Even the lowest level executive has to manage their time, plan ahead, set priorities, learn to when to say yes and no, and be sure things get done when they need to be done. Many parents still help their students with many of these tasks. Next year, your student will have to manage his or her own life.
A year of practice will contribute to success, so back away from making decisions and taking care of things for your student. Let him or her handle paperwork needed from school. If asked, offer advice and perspective, but there is a lot to be gained from experiencing the consequences of a bad move or failure to get something in on time.
Many students are fortunate to have parents who can afford a lot of extras for them and some have generous allowances. This can change when students go to college. It will almost surely change when a student finishes college and is living on a starting salary.

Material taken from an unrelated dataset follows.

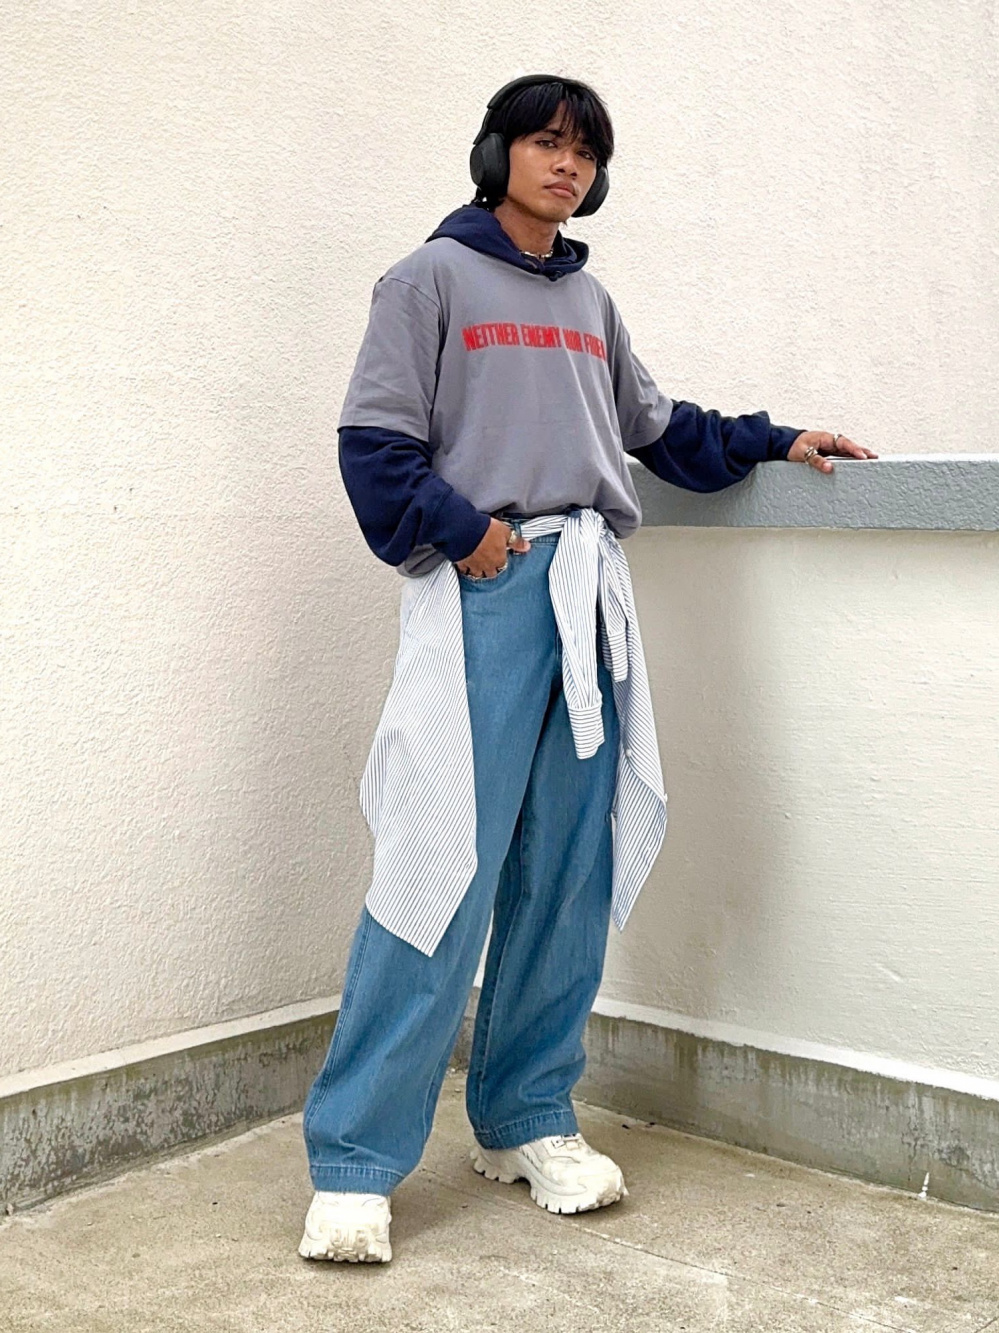 Check styling ideas for「SWEAT SHORTS」

It’s important for students to learn now how to budget and plan for the future. If your student doesn’t work, provide an allowance that has to cover things like gas, insurance and other expenditures and monitor how well your student does managing the funds. Are you ready to put a credit card in the hands of your student? First, be sure he or she can balance a checking account and isn’t perpetually overdrawn.
Be Able to Say No
In a college environment it is fun to meet new people and try new things. At the same time, your student needs to have already gotten comfortable managing challenging social situations and saying no. Many parents strictly forbid their kids from being in any kind of situation where they could get into trouble. Others encourage their students to “use your parents as an excuse” to say no. That changes on a college campus away from home. Your student needs to know when to say no and just as importantly, how to say it—in any number of different situations.
Who does your student’s laundry? Does your student even know how to work the washer and dryer in your house? How about ironing a shirt? Sewing on a button? These are the non-rocket science tasks that are essential but mundane, and often taken care of by parents. Let your student take on these tasks—as well as making dentist, doctor appointments and other appointments.
Back to Writing
The Washington Post article ends with a short section of suggestions about writing that are tried and true: plan, edit, and seek feedback. Encourage your senior to take writing assignments seriously this year. While that likely won’t encompass 10,000 hours of writing, at least he or she will be a little closer to mastery. And hopefully will have learned a few other things that kids need to know before leaving high school.